Political violence kills two in Bangladesh

December 18, 2011 07:13 pm | Updated 07:13 pm IST - Dhaka

Explosions rocked Bangladesh’s capital Dhaka and south-eastern Sylhet with the main opposition BNP activists fighting pitched battle with police, leading to the death of two people as the country marked the 40th anniversary of its independence.

Blast of home-made bombs killed a youth at Dhaka’s Motijheel business district while the opposition activists reportedly also set afire five vehicles including a police van and a passenger bus as they clashed with police at different points in the capital, reports said.

The violence erupted after baton-wielding police dispersed hundreds of activists of main opposition Bangladesh Nationalist Party trying to rally to mark the country’s 40th independence anniversary.

“The device exploded with a bang apparently killing the young man immediately and critically injuring another passerby,” a photojournalist who witnessed the scene told PTI .

Police said they suspected the victim, 24-year old Arifuzzaman Arif, himself was carrying the explosives filled in a tin pot while they detained nearly 280 “unruly activists” from the city, 77 of them alone from the Motijheel area.

A television channel, however, quoted a younger sister of the deceased saying that Arif was not involved with any political party.
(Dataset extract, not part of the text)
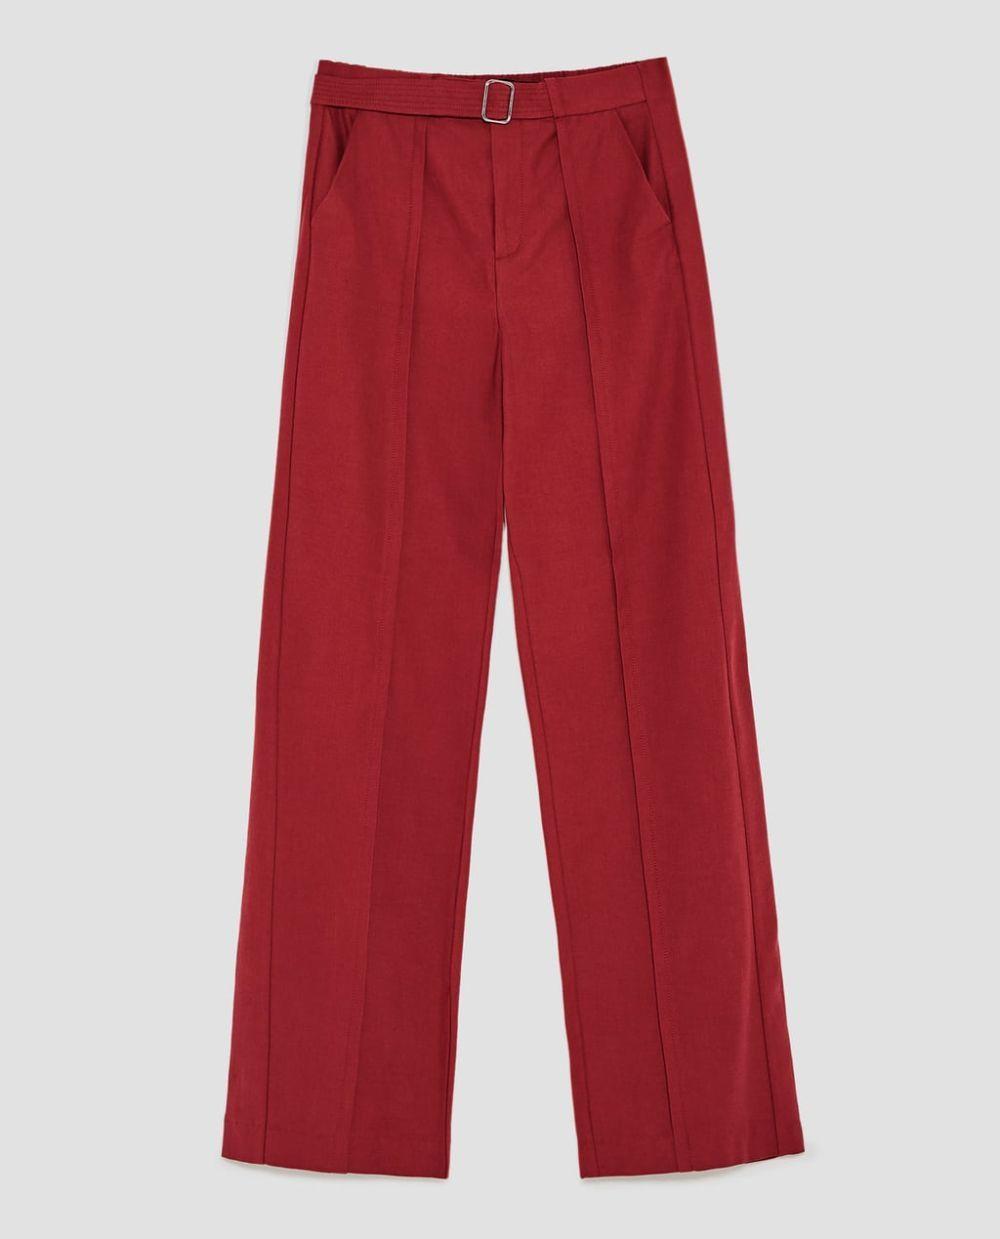 Pantalón ancho color caldera de Zara (19,99 euros)

The second death was reported from northeastern Sylhet where a bus passenger was burnt to death when opposition activists set on fire two vehicles and vandalised over a dozen others.

The yet to be identified passenger was burnt to death instantly as a Sylhet-bound bus from nearby Habiganj was torched when, his co-passengers, however, managed to get off immediately.

BNP’s acting secretary general Fakhrul Islam Alamgir told newsmen that police launched attacks on their activists under a “previously designed plan” as they were trying to gather at Engineers Institution premises to join a reception of 1971 Liberation war veterans.

BNP said their party chief ex-prime minister Khaleda Zia was scheduled to attend the programme to honour 5,000 1971 freedom fighters.

The reports said the clash erupted in the morning when one of the processions of the opposition activists was intercepted by police at Naya Paltan area.

The reports said the violence quickly spread across the city with police in riot gears including tear gas canisters, rubbers bullets and water canons chasing the protesters and clouding the areas with thick smocks emitting from teargas canisters.

The violence came as BNP and its right wing ally fundamentalist Jamaat-e-Islami was waging an anti-government campaign after Prime Minister Sheikh Hasina’s ruling Awami League scrapped the interim caretaker government system for election oversight in line with a Supreme Court verdict earlier this year.